Tabu-Themen der Stadtgeschichte im Blick: Museumsleiter Hans Clemens in einem ehemaligen Gefängniskeller der sowjetischen Nachkriegs-Militärverwaltung.

Von Thoralf Plath

Das Regionalmuseum mischt sich ein. Auch in diesem Jahr hat es eine Reihe von Veranstaltungen auf dem Zettel, die für Diskussionen sorgen dürften. Museums- leiter Hans Clemens mag sie offenbar, die unbequemen Themen. Das Kriegsende in Demmin etwa.
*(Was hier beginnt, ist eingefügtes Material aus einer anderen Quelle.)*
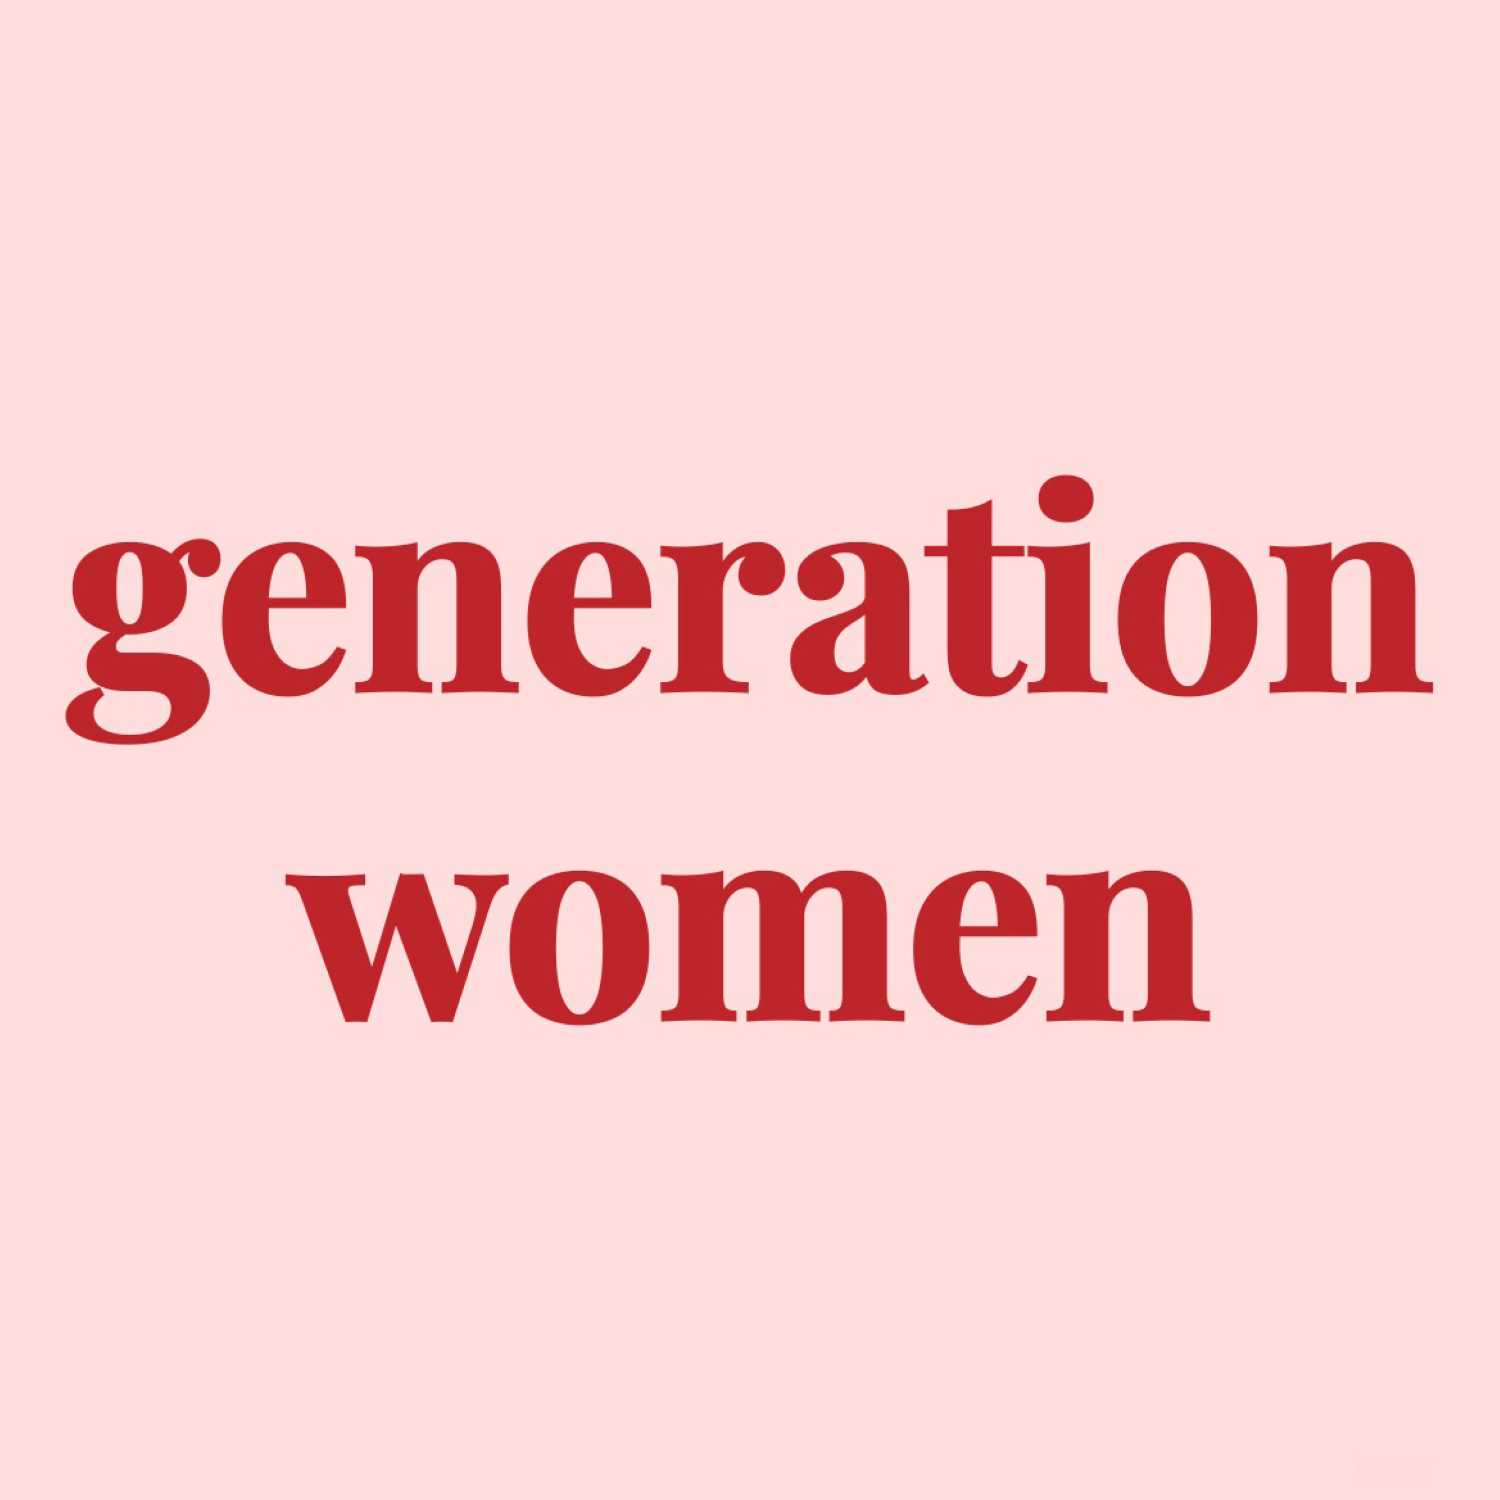 Generation Women

Demmin.Geschichte anders sehen. Mit diesem Anspruch hat der Trägerverein das alte Kreisheimatmuseum vor drei Jahren übernommen. Die Veranstaltungen und Ausstellungen, die Petra und Hans Clemens als Leitungs-Tandem des Museums seither konzipierten, waren nicht jedermanns Geschmack, Altgewohntes zu ändern, dauert in Pommern halt seine Zeit. Aber das Regionalmuseum weckt auch bei immer mehr Demminern neues Interesse an Regionalgeschichte neu. Im vorigen Jahr erreichte das Museum nach eigenen Angaben mit seinen Veranstaltungen rund 3500 Besucher. Clemens sieht es als gute Basis: „Als wir das Museum übernommen haben, war die Besucherzahl auf einige Hundert runter. Uns war klar, dass wir mit einem neuen Konzept nicht gleich alle Rekorde brechen. Das Medium Museum ist langfristig angelegt, das ist einer unserer Ansätze.“
Ein weiterer: Die Museumsleute mischen sich ein, es greifen neue Themen und Aspekte der Regional- und Stadtgeschichte auf, vergessene wie verdrängte. Auch in diesem Jahr bürstet das Regionalmuseum Geschichte kräftig gegen den Strich. Zum Beispiel am 8. Mai. Begleitend zum Aktionstag gegen die Neonazis ist ein Diskussionsforum zu einem heiklen Thema geplant: das Kriegsende in Demmin aus sowjetischer Sicht. „Eine Historikerin hat in russischen Militärarchiven und Kriegstagebüchern geforscht und die Ergebnisse in einer Publikation zusammengefasst. Diese Arbeit wird die Autorin in Demmin vorstellen und mit den Gästen diskutieren“, kündigt Clemens an. „Wir wollen an diesem Beispiel ein Kapitel der Stadtgeschichte aus einer Perspektive beleuchten, die neu ist. Zur DDR-Zeit wurde das Thema ebenso einseitig dargestellt und im Sinne der sozialistischen Ideologie verklärt, wie die Geschichtssicht nach der Wende in das andere Extrem kippte, da ging es nur noch um das Schicksal der Demminer als Opfer. Was fehlt, ist eine ungefilterte Dokumentation aus sowjetischer Sicht“, sagt Clemens. Er erwartet einen spannenden, kontroversen Disput. Und erhofft sich in diesem Kontext auch eine weiterführende Diskussion etwa über die Umgestaltung des Barlachplatzes – wo man Anfang der 1990er Jahre den sowjetischen Gedenk-Obelisken abriss.
Auch in die diesjährige Kunstnacht am 27. April will sich das Museum einbringen – erstmals mit einem Gemeinschaftsprojekt mit Jugendlichen der Peenewerkstätten, die mit Fotos ihre Sicht auf die Hansestadt zeigen. Die Bilder sollen erst im alten Blumenladen im Hanseufer zu sehen sein, und danach noch in Schaufenstern der Innenstadt.
Zum Tag des offenen Denkmals Anfang September verhandelt Clemens derzeit um eine öffentliche Exkursion in das alte Armeeobjekt in der Woldeforst. Denn der Denkmaltag 2013 steht unter einem spannenden Motto: Ungeliebte Orte. Und in der Woldeforst liegen, bis heute hinter hohen Zäunen, die Katakomben der einstigen Munitionsfabrik – ein weiteres dunkles Kapitel Demmins.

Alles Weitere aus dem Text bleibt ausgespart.